Why does this Perl variable keep its value

2019-05-26 03:15发布

问题:

What is the difference between the following two Perl variable declarations?

my $foo = 'bar' if 0;

my $baz;
$baz = 'qux' if 0;

The difference is significant when these appear at the top of a loop. For example:

use warnings;
use strict;

foreach my $n (0,1){
    my $foo = 'bar' if 0;
    print defined $foo ? "defined\n" : "undefined\n";
    $foo = 'bar';
    print defined $foo ? "defined\n" : "undefined\n";
}

print "==\n";

foreach my $m (0,1){
    my $baz;
    $baz = 'qux' if 0;
    print defined $baz ? "defined\n" : "undefined\n";
    $baz = 'qux';
    print defined $baz ? "defined\n" : "undefined\n";
}

results in

undefined
defined
defined
defined
==
undefined
defined
undefined
defined

It seems that if 0 fails, so foo is never reinitialized to undef. In this case, how does it get declared in the first place?

回答1:

First, note that my $foo = 'bar' if 0; is documented to be undefined behaviour, meaning it's allowed to do anything including crash. But I'll explain what happens anyway.


my $x has three documented effects:

  • It declares a symbol at compile-time.
  • It creates an new variable on execution.
  • It returns the new variable on execution.

In short, it's suppose to be like Java's Scalar x = new Scalar();, except it returns the variable if used in an expression.

But if it actually worked that way, the following would create 100 variables:

for (1..100) {
   my $x = rand();
   print "$x\n";
}

This would mean two or three memory allocations per loop iteration for the my alone! A very expensive prospect. Instead, Perl only creates one variable and clears it at the end of the scope. So in reality, my $x actually does the following:

  • It declares a symbol at compile-time.
  • It creates the variable at compile-time[1].
  • It puts a directive on the stack that will clear[2] the variable when the scope is exited.
  • It returns the new variable on execution.

As such, only one variable is ever created[2]. This is much more CPU-efficient than then creating one every time the scope is entered.

Now consider what happens if you execute a my conditionally, or never at all. By doing so, you are preventing it from placing the directive to clear the variable on the stack, so the variable never loses its value.

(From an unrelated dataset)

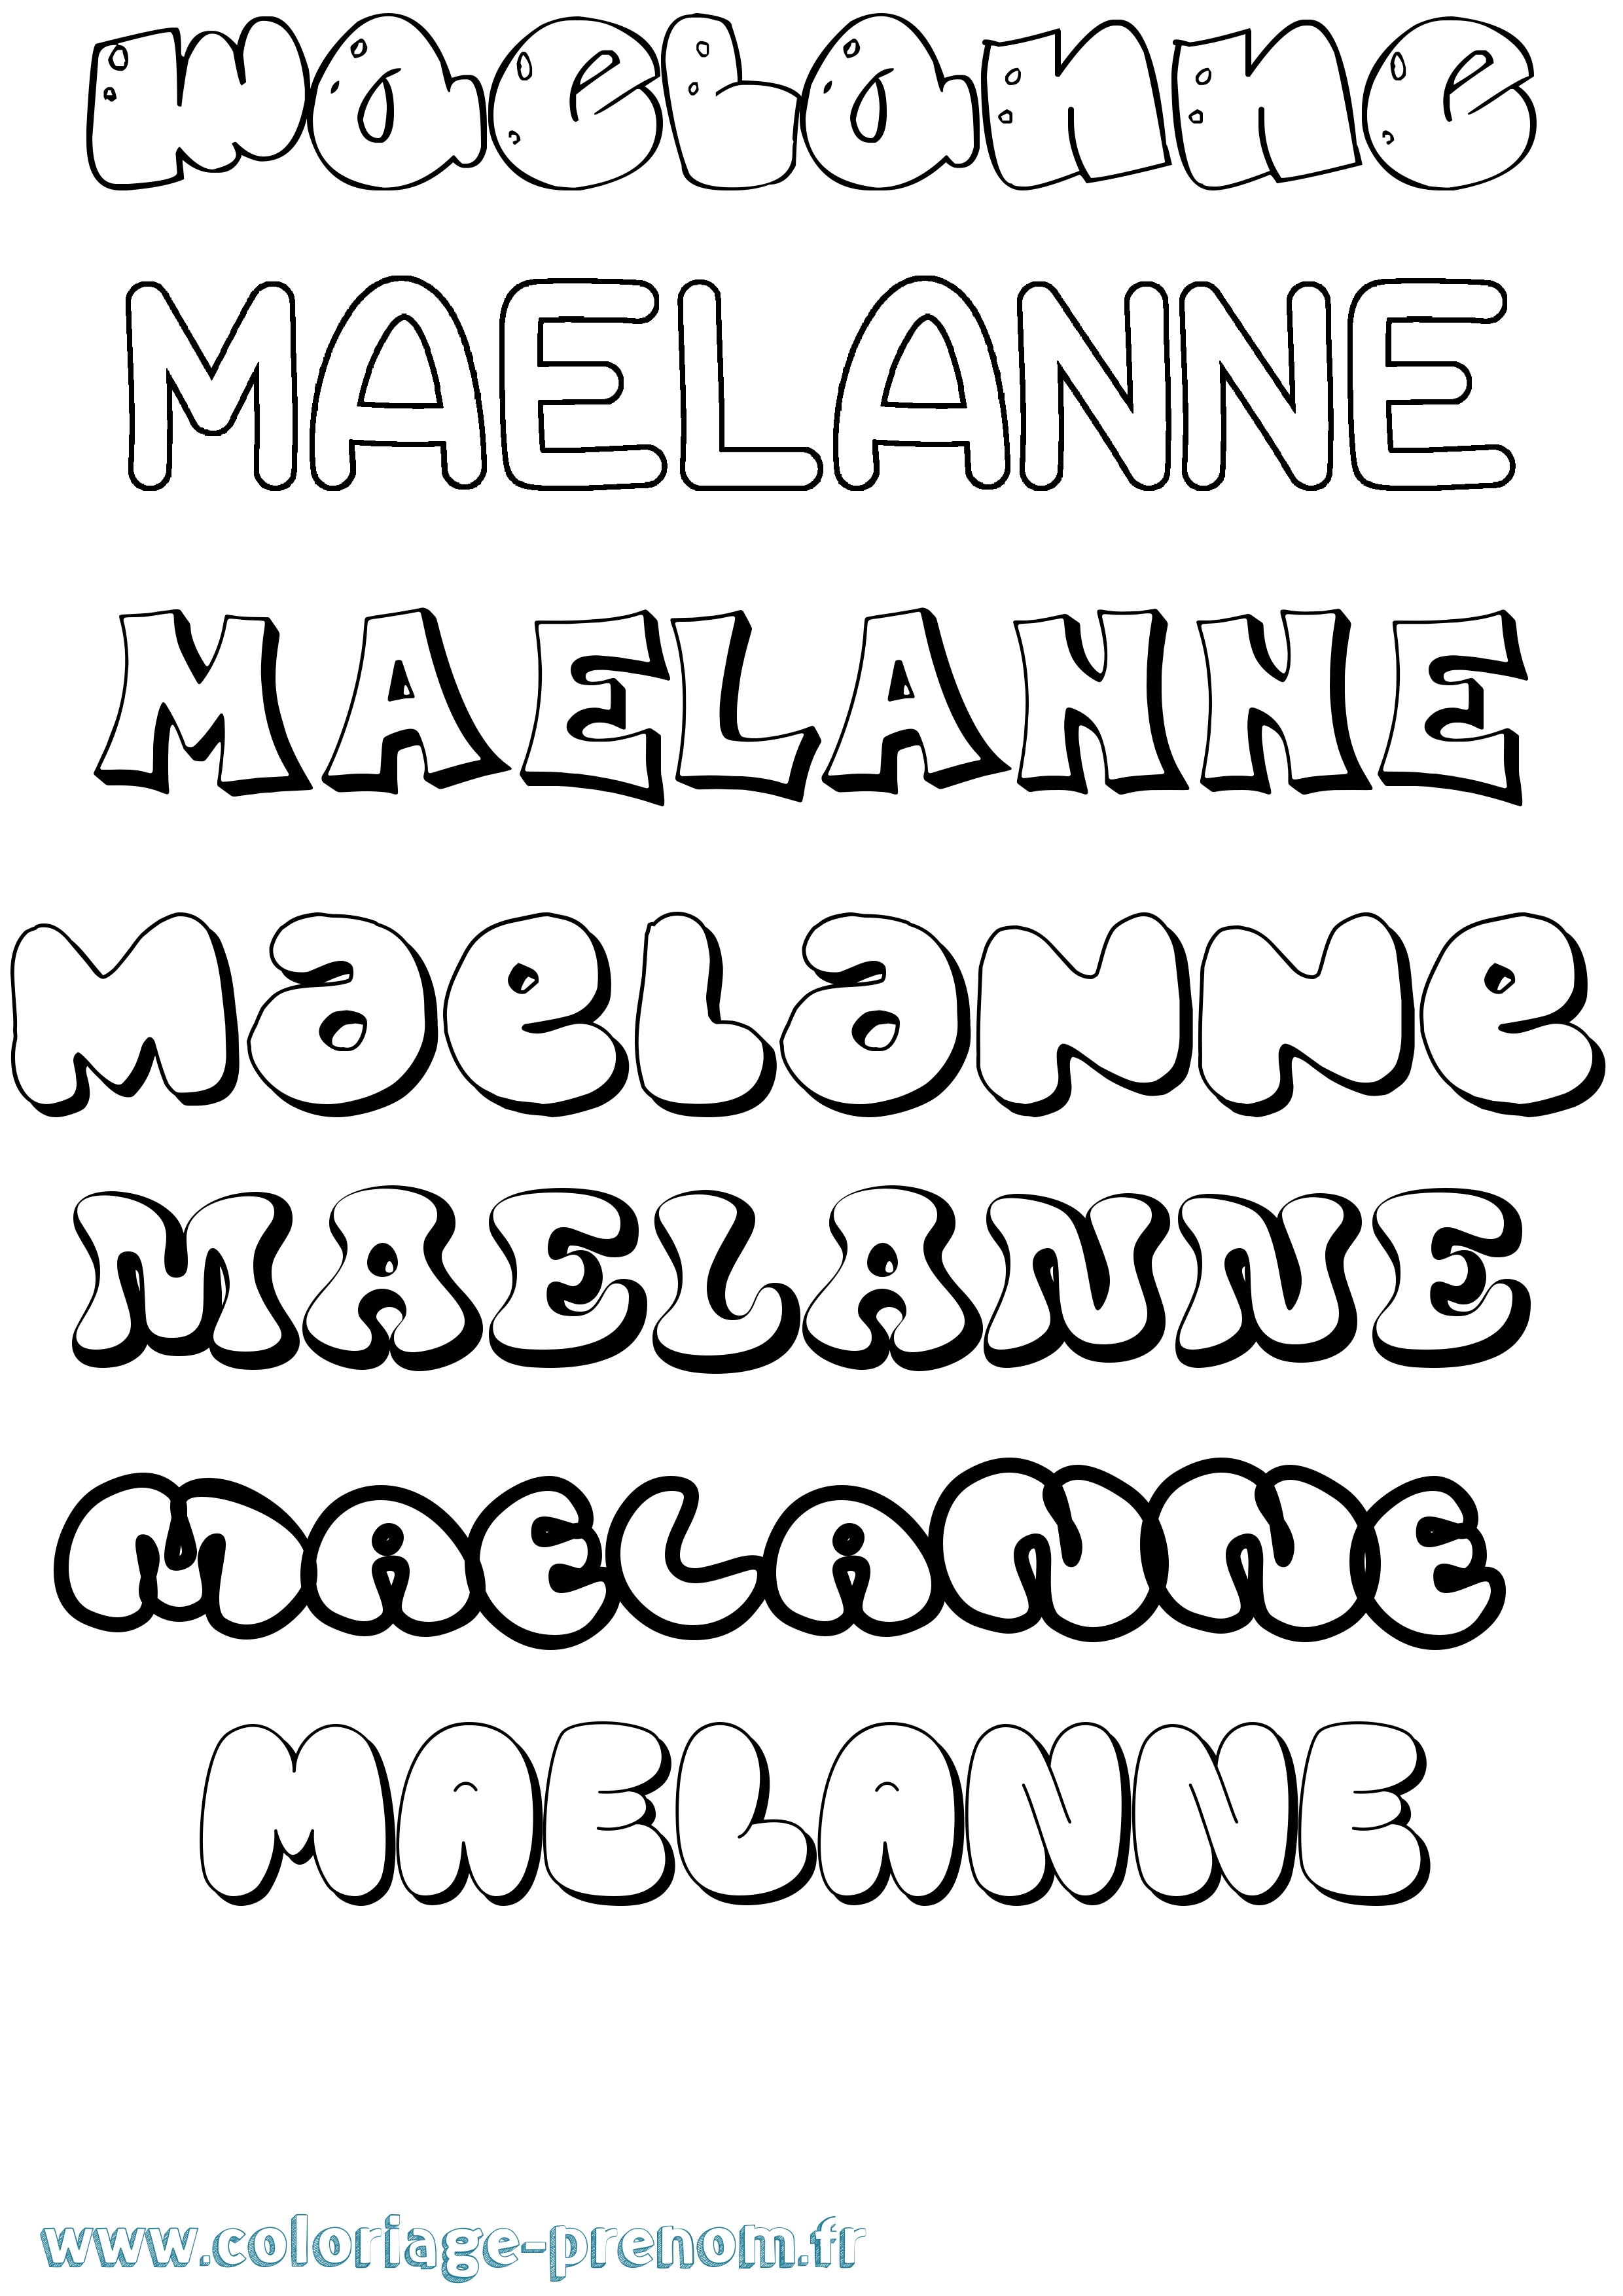 Coloriage prénom Maelanne Bubble
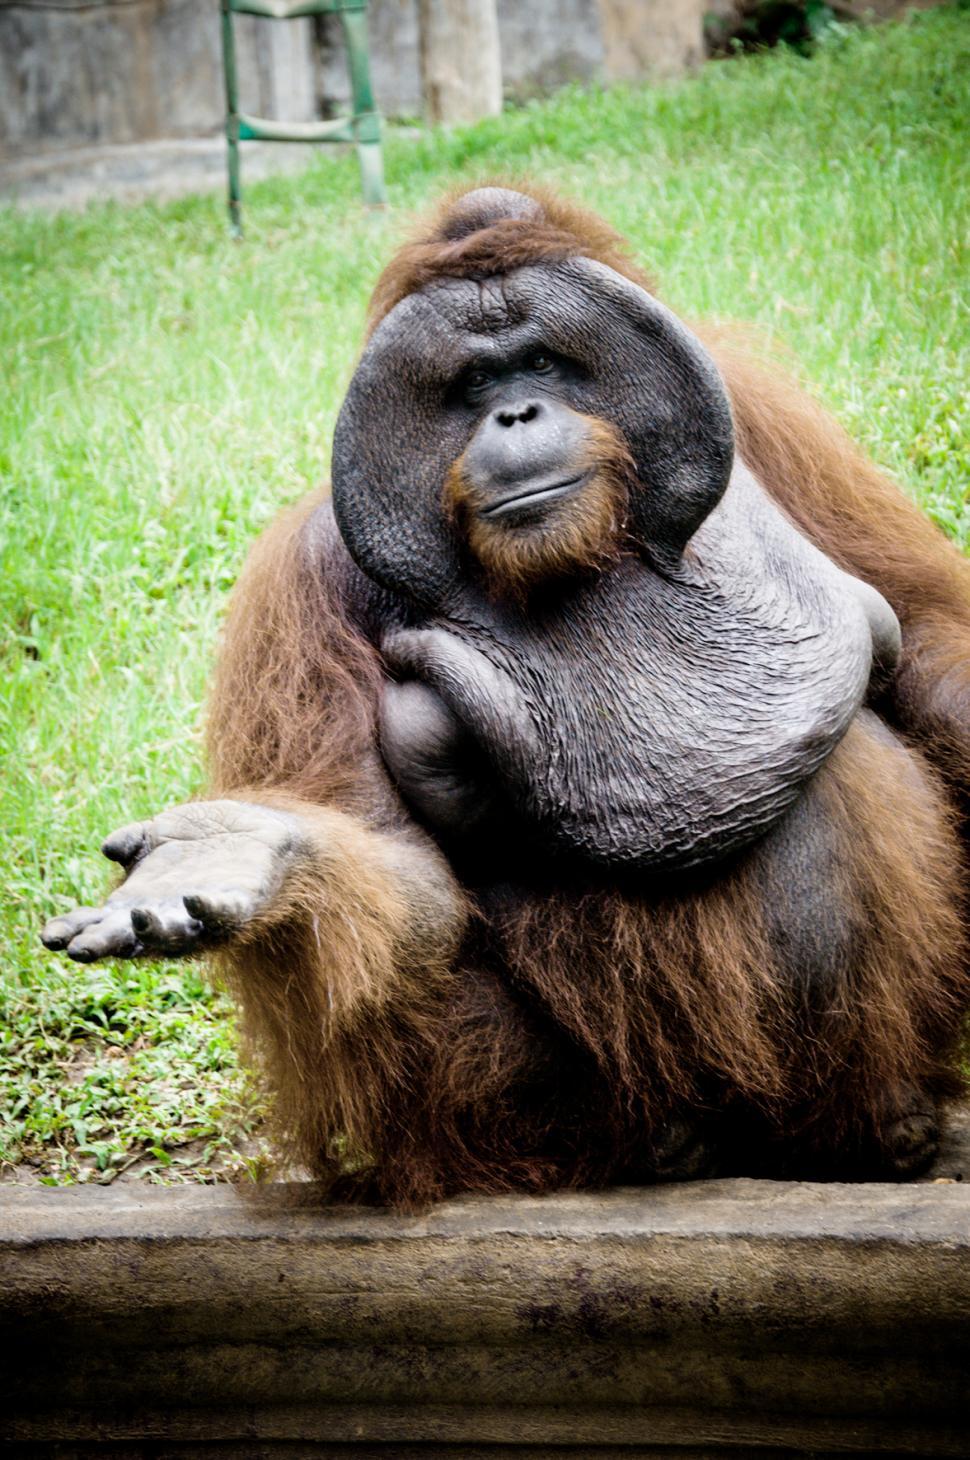 Free Image of Orangutan monkey

Obviously, that's not meant to happen, so that's why my ... if ...; isn't allowed.


Some take advantage of the implementation as follows:

sub foo {
   my $state if 0;
   $state = 5 if !defined($state);
   print "$state\n";
   ++$state;
}

foo();  # 5
foo();  # 6
foo();  # 7

But doing so requires ignoring the documentation forbidding it. The above can be achieved safely using

{
   my $state = 5;
   sub foo {
      print "$state\n";
      ++$state;
   }
}

or

use feature qw( state );  # Or: use 5.010;

sub foo {
   state $state = 5;
   print "$state\n";
   ++$state;
}

Notes:

  1. "Variable" can mean a couple of things. I'm not sure which definition is accurate here, but it doesn't matter.

  2. If anything but the sub itself holds a reference to the variable (REFCNT>1) or if variable contains an object, the directive replaces the variable with a new one (on scope exit) instead of clearing the existing one. This allows the following to work as it should:

    my @a;
    for (...) {
        my $x = ...;
        push @a, \$x;
    }
    


回答2:

See ikegami's better answer, probably above.

In the first example, you never define $foo inside the loop because of the conditional, so when you use it, you're referencing and then assigning a value to an implicitly declared global variable. Then, the second time through the loop that outside variable is already defined.

In the second example, $baz is defined inside the block each time the block is executed. So the second time through the loop it is a new, not yet defined, local variable.